Chantal’s advice for future immigration and refugee lawyers
Future immigration and refugee lawyers need practical degrees with technical skills. Chantal is critical of traditional law school pedagogy and remains skeptical that reading cases alone, without any experiential learning, will prepare students for legal practice. She laments that the traditional method does not provide the skills law students and graduates need to construct a case, persuade a court to go in a particular direction, or work with people in a compassionate way.
“For a long time, there was a feeling that if you provided those technical skills that you were degrading the law degree,” Chantal explains. “In some way, a law degree was touted to be a ‘professional degree’ — not one obtained at a ‘technical college.’ In truth, we need technical skills in order to be effective lawyers.”
In addressing this disconnect, Chantal hopes law schools will take a more practical approach by offering more experiential learning opportunities and clinical work. Law schools have also increasingly been offering public interest clinical and volunteer positions to fill this gap. For instance, around 180 students at the Faculty of Law participate in the operation of Downtown Legal Services, which offers legal assistance to low-income clients in refugee and immigration law among many other areas of law.
Future immigration and refugee lawyers will also need to quickly come to grips with what Chantal describes as “the wrongs” of our refugee system.

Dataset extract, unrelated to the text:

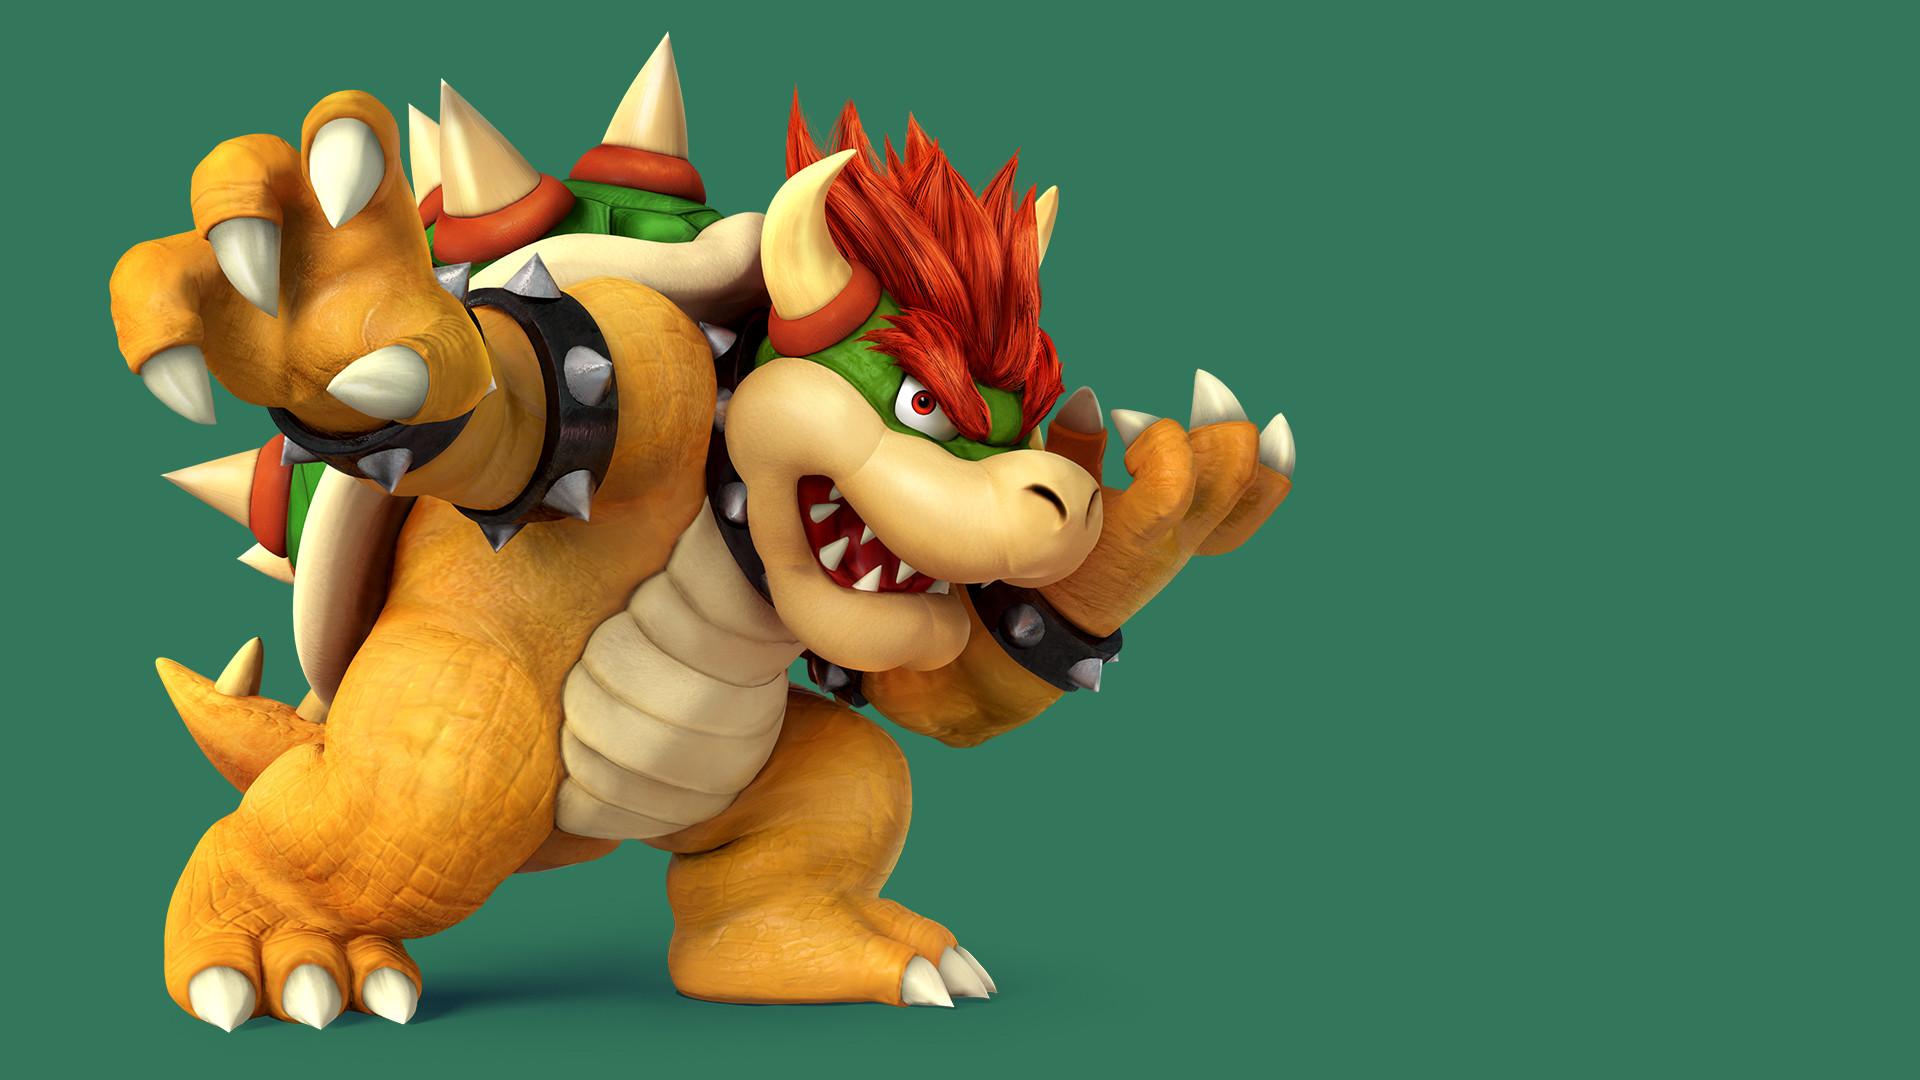 Res: 1920x1080, Smash Wallpaper - Mario Smash Wallpaper - Bowser ...

Refugee claimants continue to experience significant socioeconomic challenges and access to justice issues, because the vast majority of government money in the system is put into deciding (and sometimes rejecting) their claims on the back end. “We spend a ton of money on domestic adjudication of refugee claims,” Chantal explains. “Last time I looked, [around] 80% is spent on individualized adjudication, and refugees get [around] 5% of the budget in aid and resources, which is not sustainable. We need to address any claimants that come because we have both a moral and legal obligation to do so, but we also need to look for more regional solutions and not just litigation so people aren't stuck in refugee camps for 50 years.”
While Chantal was on the Board of Directors for the Court Challenges Program of Canada, her whole purpose was to make sure that funds were available for historically disadvantaged groups to actually advance their complaints. In her words, “the best legal arguments are not particularly useful if you can't get to court, and getting to court is very expensive.”

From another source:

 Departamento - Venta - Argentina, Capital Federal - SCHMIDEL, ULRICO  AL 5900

Overall, Chantal describes the current role of refugee law litigators in four parts: (1) representing vulnerable equality seeking groups, (2) doing it on the fly, (3) doing it for cheap, and (4) working as part of an extremely collaborative process.
Chantal turned to immigration and refugee law because she was able to identify with her clients and surround herself with committed and passionate community groups, networks, and leaders, those who made her feel connected to her work. She hopes that tomorrow’s lawyers have compassion and people skills to pursue this tough but important and meaningful work. “Refugee law is really international human rights law, and the clients are really champions of human rights,” Chantal concludes.